Other disqualifying mental health conditions include:
- A history of obsessive-compulsive disorder or post-trauma
- tic stress disorder
- A history of or current dissociative, conversion, or factitious disorder, depersonalization, hypochondriasis, somatoform disorders, or pain disorder related to psychological factors or a somatoform disorder
- A history of an adjustment disorder within the last six months, or recurrent episodes of adjustment disorder
- A history of paraphilias like voyeurism or exhibitionism
- A history of or current alcohol or drug abuse or dependence
- A history of attempted suicide or suicidal behavior
Should you disregard these rules?
The issue isn’t with breaking the rules; it’s with the risk to the person who enlists. Enlistees who had mental problems previous to enrolling, for example, were more likely to have difficulty doing their job in the 2014 study. Furthermore, the laws make it unlikely that someone who develops a mental health problem while serving in the military will seek care.
How are people circumventing the rules? It’s unclear why, but people discover ways to go around the rules, the most common of which is “don’t ask, don’t tell.”

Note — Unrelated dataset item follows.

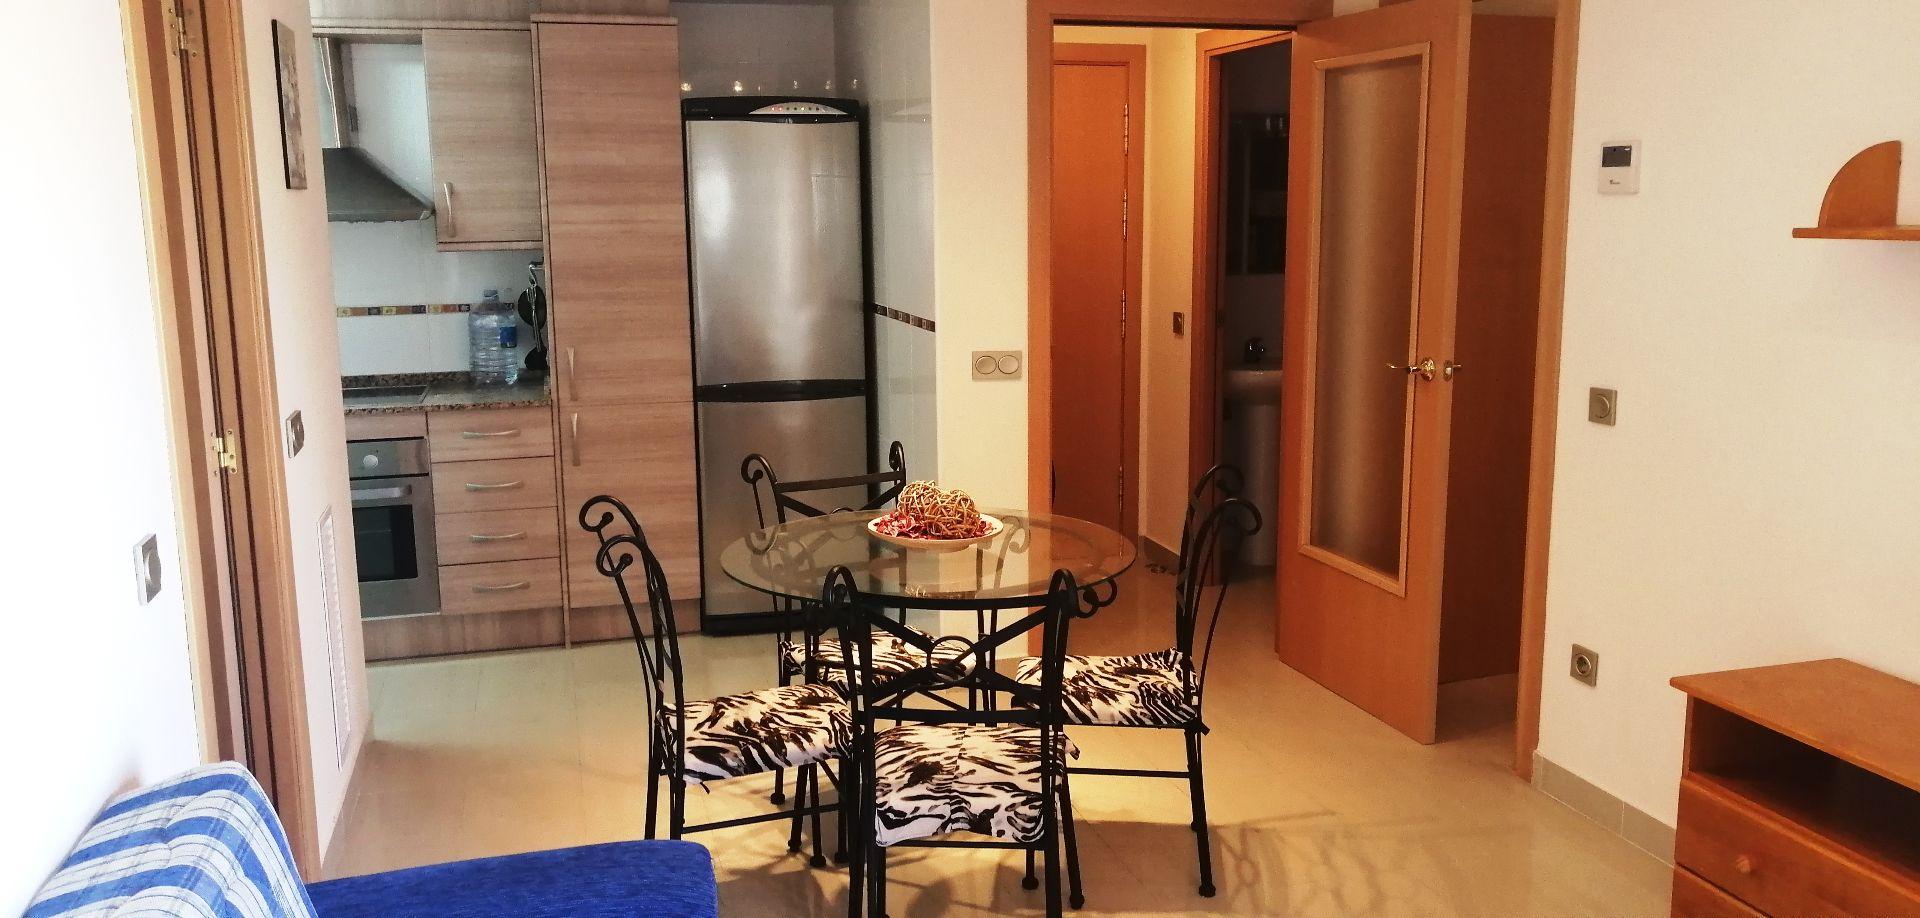 Alquiler Piso  Calle sant miquel. Apartamento de 2 h con piscina comunitaria.
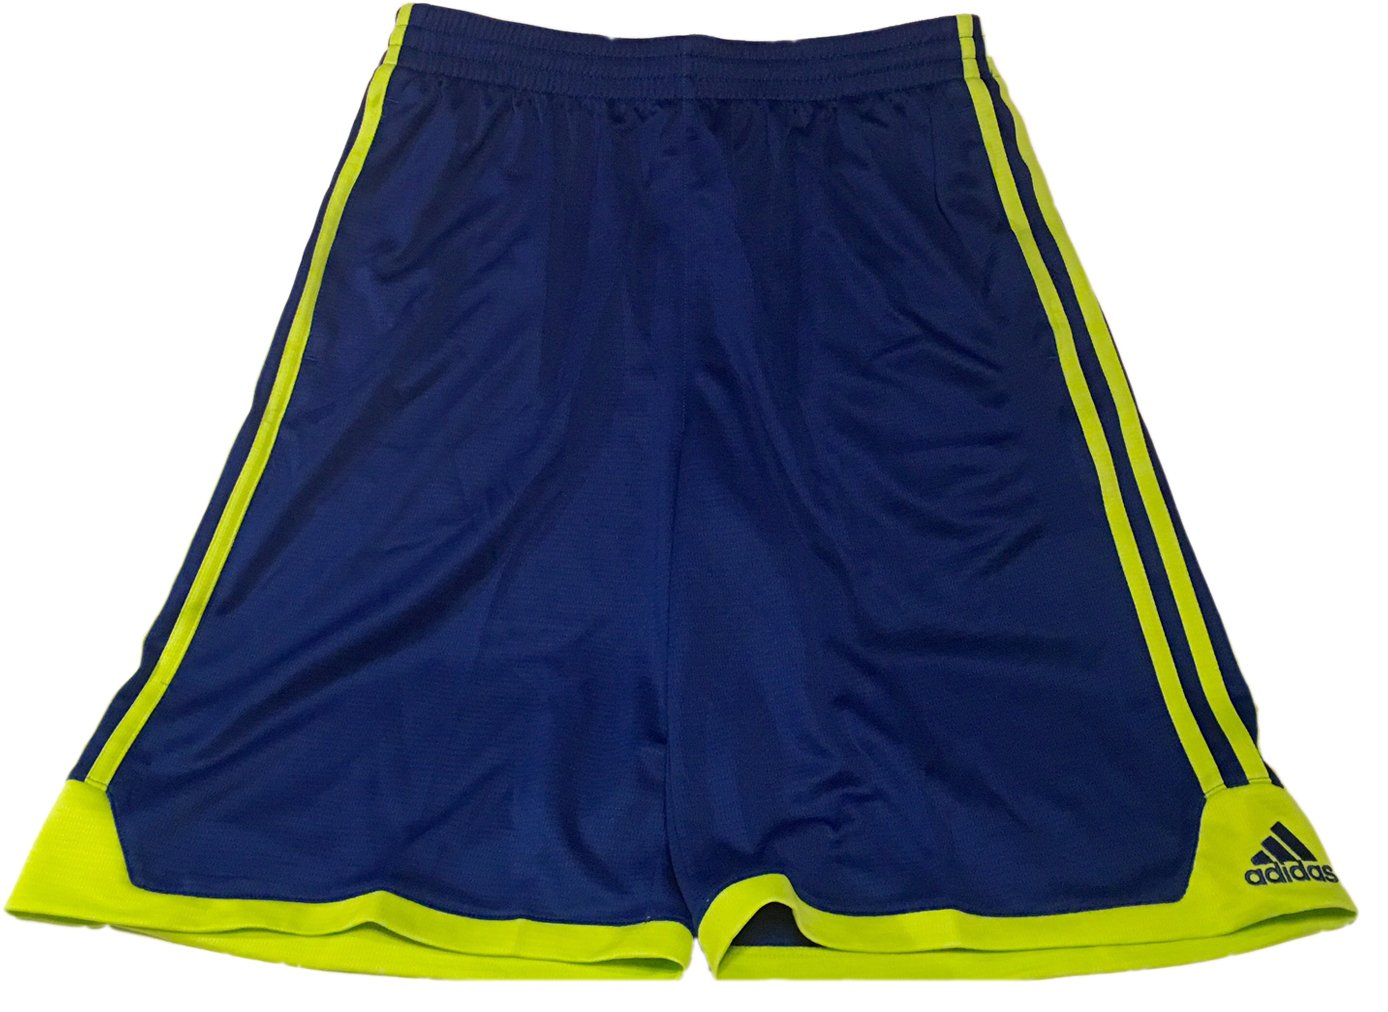 adidas Performance Mesh Athletic Shorts, Blue/Yellow Stripes, Large 14-16

While having mental health issues or a history of a significant mental disorder theoretically disqualifies you from serving in the military, evidence reveals that many people are breaking the rules.
According to a 2014 study, 25% of non-deployed U.S. military troops suffer from a mental disease such as panic disorder, ADHD, or depression. Two-thirds of individuals had pre-existing ailments when they enlisted.
More than 11% of US military enlistees had more than one disorder, according to the report. Intermittent explosive disorder (IED) was one of the most prevalent conditions discovered.
In this article, we have discussed if you should lie about your mental health at meps, the consequences of doing so, if you can serve in the US military with a history of mental health conditions. We have also looked at disqualifying mental health conditions.
Will you go to jail if you lie at meps?
No you won’t. They just send you home with an entry level separation. It’s not entirely bad, but if you lied, they’d classify it as Fraudulent Enlistment, which would severely limit your ability to find work in the military and prevent you from reenlisting.
A person with a depressive disorder must be stable, without treatment or symptoms for a continuous 36 months, to be eligible to enlist
Can you get kicked out of the military for anxiety?
Servicemembers with “other identified physical and mental problems” who do not qualify for a disability discharge but “possibly interfere with assignment to or performance of duty” may be discharged by the military.
What prevents you from joining the military?
Age, citizenship, physical fitness, education, height/weight, criminal background, medical history, and drug history are all factors that can keep you out of the military.